Wer diesen Rahmen sprengte, musste mit Sanktionen rechnen – wie etwa der spätere Schriftsteller Landolf Scherzer erfuhr, dessen Diplomarbeit zur journalistischen Gattung der Reportage von der Fakultät im Jahr

1966 mit der Begründung abgelehnt wurde, es werde dort nicht der „richtige Standpunkt vom sozialistischen Menschen“ eingenommen. Stattdessen würde Scherzer in seiner Arbeit „auf Biegen und Brechen versuchen, den Kunstcharakter der Reportage und aller ihrer einzelnen Elemente zu beweisen.“Scherzer wurde zwangsexmatrikuliert, konnte aber in der Folgezeit beim in Suhl erscheinenden „Freien Wort“ als Journalist arbeiten.

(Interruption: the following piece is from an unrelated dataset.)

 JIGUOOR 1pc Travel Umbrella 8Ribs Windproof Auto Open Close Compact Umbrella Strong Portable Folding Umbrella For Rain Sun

Unter streng parteilicher Perspektive ging es an der Fakultät für Journalistik seit 1954 in erster Linie darum, den zur Hochzeit des Kalten Krieges ungemein heftig ausgetragenen Meinungskampf im geteilten Deutschland für das vermeintlich progressive, das sozialistische Lager zu gewinnen. Vielleicht ist es nötig, an dieser Stelle daran zu erinnern, wie offen die historische Situation seinerzeit eingeschätzt wurde. Das Angebot Stalins vom März 1952, das ein Zusammengehen der beiden deutschen Staaten unter der Bedingung der Neutralität des zukünftigen Deutschland in Aussicht stellte, war von der Bundesrepublik und ihren Bündnispartnern zwar zurückgewiesen worden, doch war die Grenze zwischen Ost und West noch keinesfalls hermetisch dicht. Auch die Öffentlichkeit war noch „gesamtdeutsch“, obwohl die beginnende Ausdifferenzierung und Entfremdung der beiden Hälften im Verlauf der 1950er Jahre zunehmend unübersehbar wurde.

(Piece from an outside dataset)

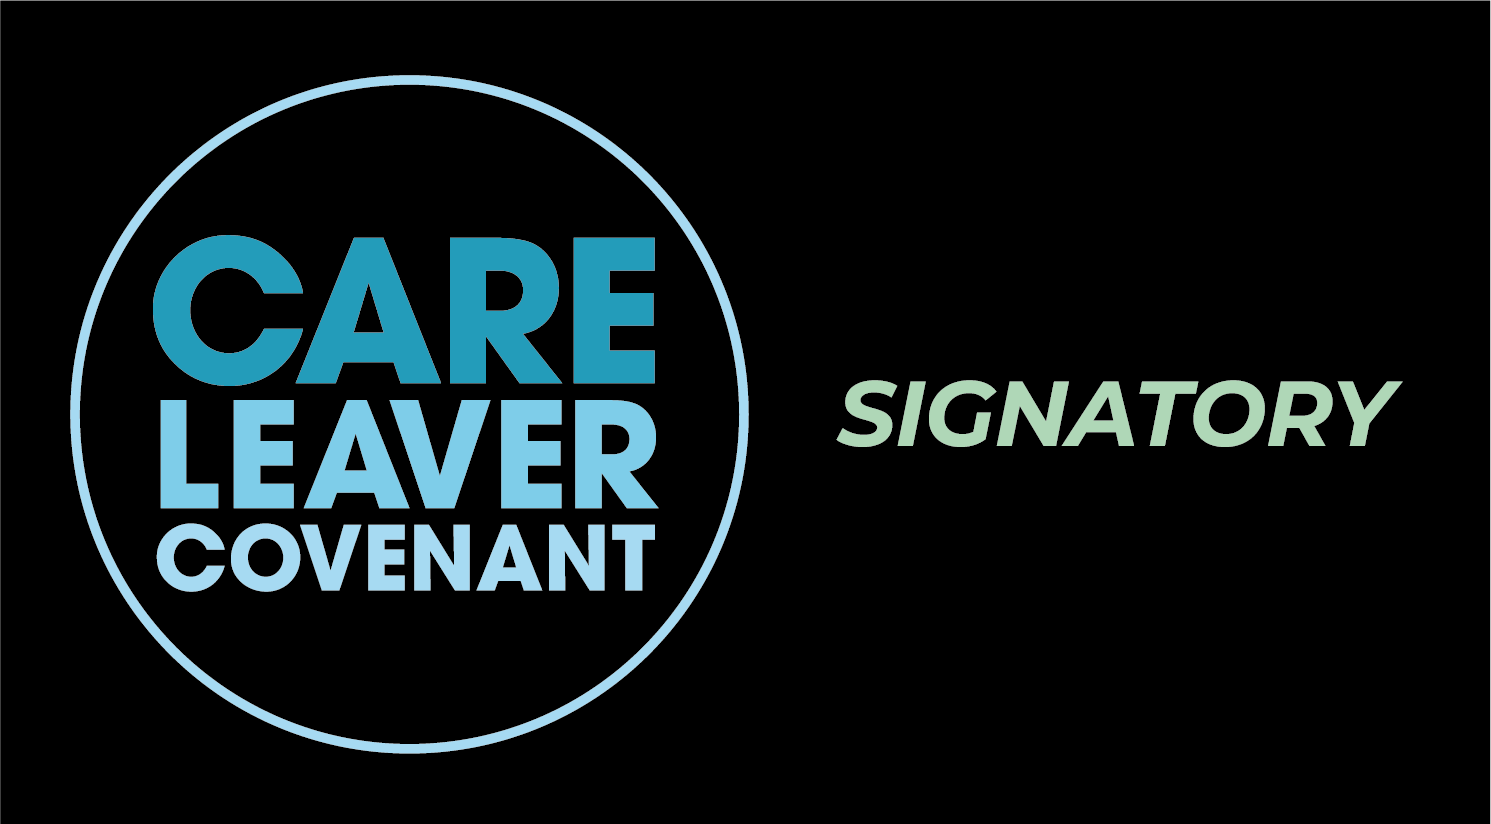 Care Leaver Covenant signatory badge

Für die SED-Führung besaß die Ausbildung sozialistischer Journalisten einen hohen Stellenwert. Überall wurden neue, engagierte und politisch zuverlässige Kader gebraucht, die – auch angesichts der zunehmenden Zahl nach dem Westen abgewanderter Spezialisten – in Leitungsfunktionen der DDR einrücken konnten.Helga Novak war eine dieser Nachwuchshoffnungen: für ihr Alter ungewöhnlich belesen, politisch interessiert (und auch Mitglied der FDJ), gewiss aufbauhungrig und voll guten Willens. Aber sie war eben auch: lebensgierig, impulsiv, selbständig, mitdenkend – und nur bis zu einem gewissen Maße bereit, sich mit den ihr während der kommenden drei Jahre immer deutlicher werdenden Diskrepanzen zwischen Anspruch und Wirklichkeit, zwischen sozialistischer Gemeinschaft und politischer Manipulation und Unterdrückung, zu arrangieren.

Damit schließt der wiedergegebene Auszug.